Welcome to Bus Pending!
Bus Pending collects and analyzes high-frequency location data of Chicago’s public buses to better understand how often buses are delayed, and for whom delays occur. It combines live bus position data with bus schedules and demographic information on Chicago buses. These data are displayed in a live dashboard.
This application also contains resources to schedule and request location data to continue the project. The data linked here represents one week of bus positions, from February 22nd to 28th, 2024.
Our approach is described in more detail in our report.
- Clone the Bus Pending Github Repository to your local machine by running
git clone ‘https://github.com/RMedina19/bus_pending.git’
to you preferred directory. - Run
poetry install
from the top-level directory ‘/bus-pending’ to set up the working environment in Python. Note: this requires installing Python and Poetry, a Python package manager and only need to be run the first time that this package is used. - Download our database of bus positions (826 mb) and place it in the data directory ‘/bus-pending/data’ or scrape data yourself. See below for details on scraping data yourself.

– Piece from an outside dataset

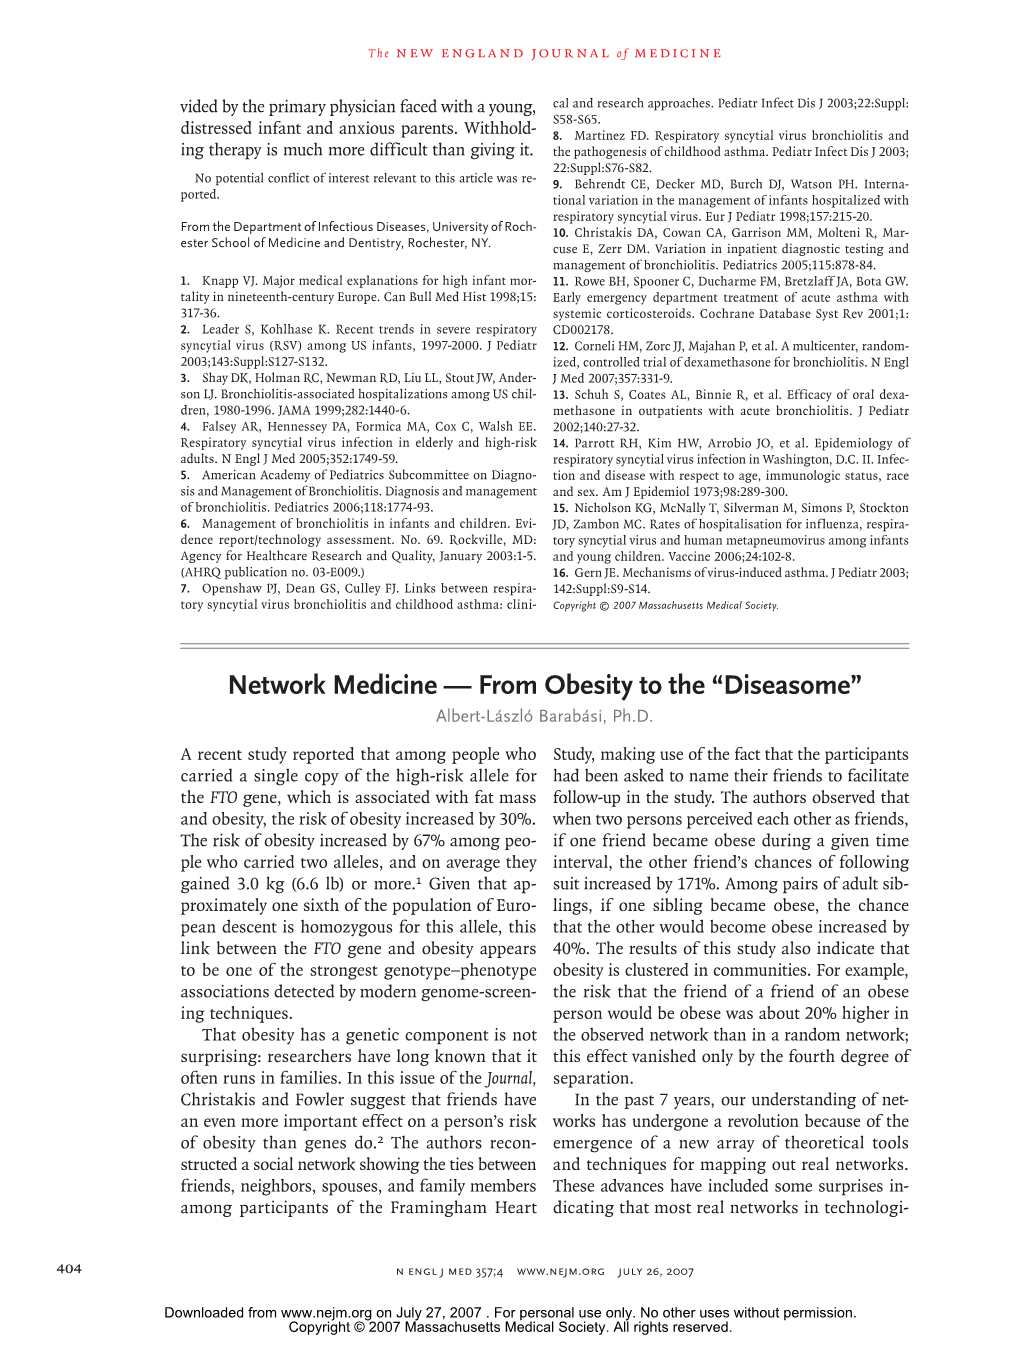 Network Medicine — from Obesity to the “Diseasome” Albert-László Barabási, Ph.D
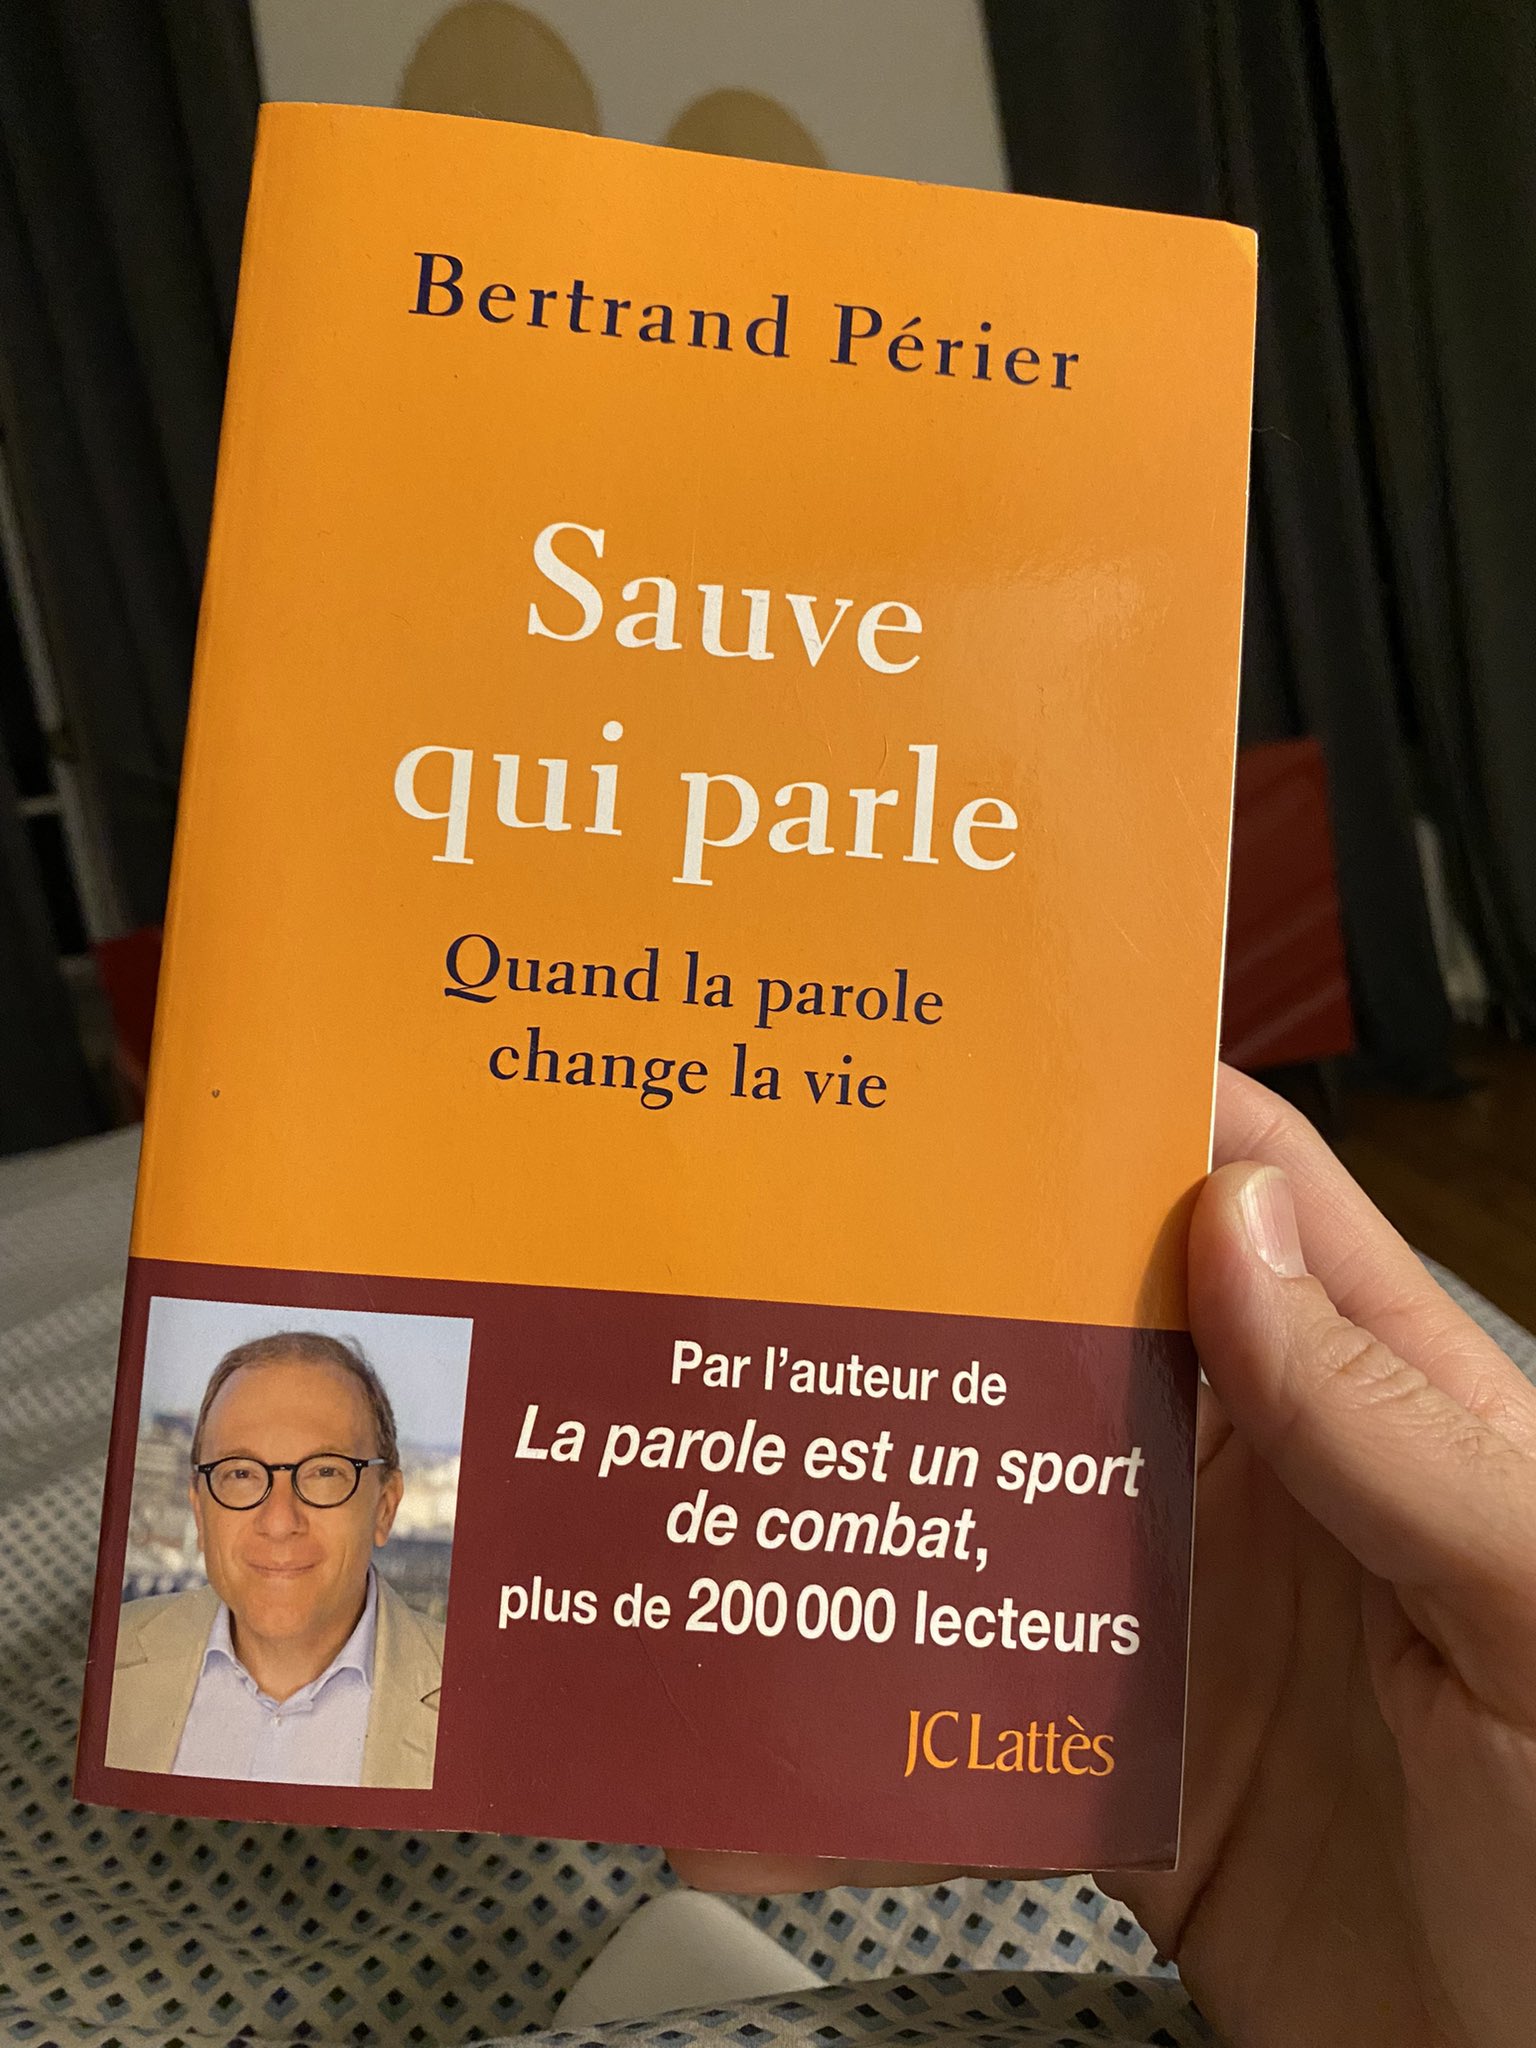 Bertrand Perier on X: Merci @Tof_Beaugrand !! Bonne lecture à toi

- Clean and analyze data by running
poetry run python3 -m bus-pending
- Launch the dashboard by moving to the app folder with
cd bus_pending/app/
and then runningpoetry run python ./app.py
. For thepydeck
plots to render correctly, it is necessary to have a Mapbox API key. Since the repo contains a copy of the summary statistics, this step can be run on its own.
Here's a demo of the bus_pending
dashboard being launched.
We use the following data sets:
- CTA bus locations: The CTA bus tracker API provides bus locations each minute on their bus tracker API..
- CTA schedule: The CTA provides data in the General Transit Feed Specification (GTFS) that describes scheduled routes.
- CTA Route GeoData: CTA routes are publicly accessible as shapefiles on the City of Chicago’s Open Data portal.
- CTA Bus Stops GeoData: CTA routes are publicly accessible as shapefiles on the City of Chicago’s Open Data portal.
- Chicago Community Area GeoData: Chicago community area boundaries are publicly accessible as shapefiles on the City of Chicago’s Open Data portal.
- American Community Survey: We use block-level income and poverty measures from the American Community Survey for our map backgrounds. This links the table referenced.
- Map shapefiles from Mapbox: Pydeck plots are rendered with high-quality and detailed shapefiles that are obtained by querying the Mapbox API.
We scrape, clean, and analyze these data using Python 3.12, store the data in sqlite3, and visualize the data on a Dash app using Plotly and PyDeck. Our cleaning frameworks are Pandas and GeoPandas.
Requesting data from the CTA requires an API key. A key can be requested for free.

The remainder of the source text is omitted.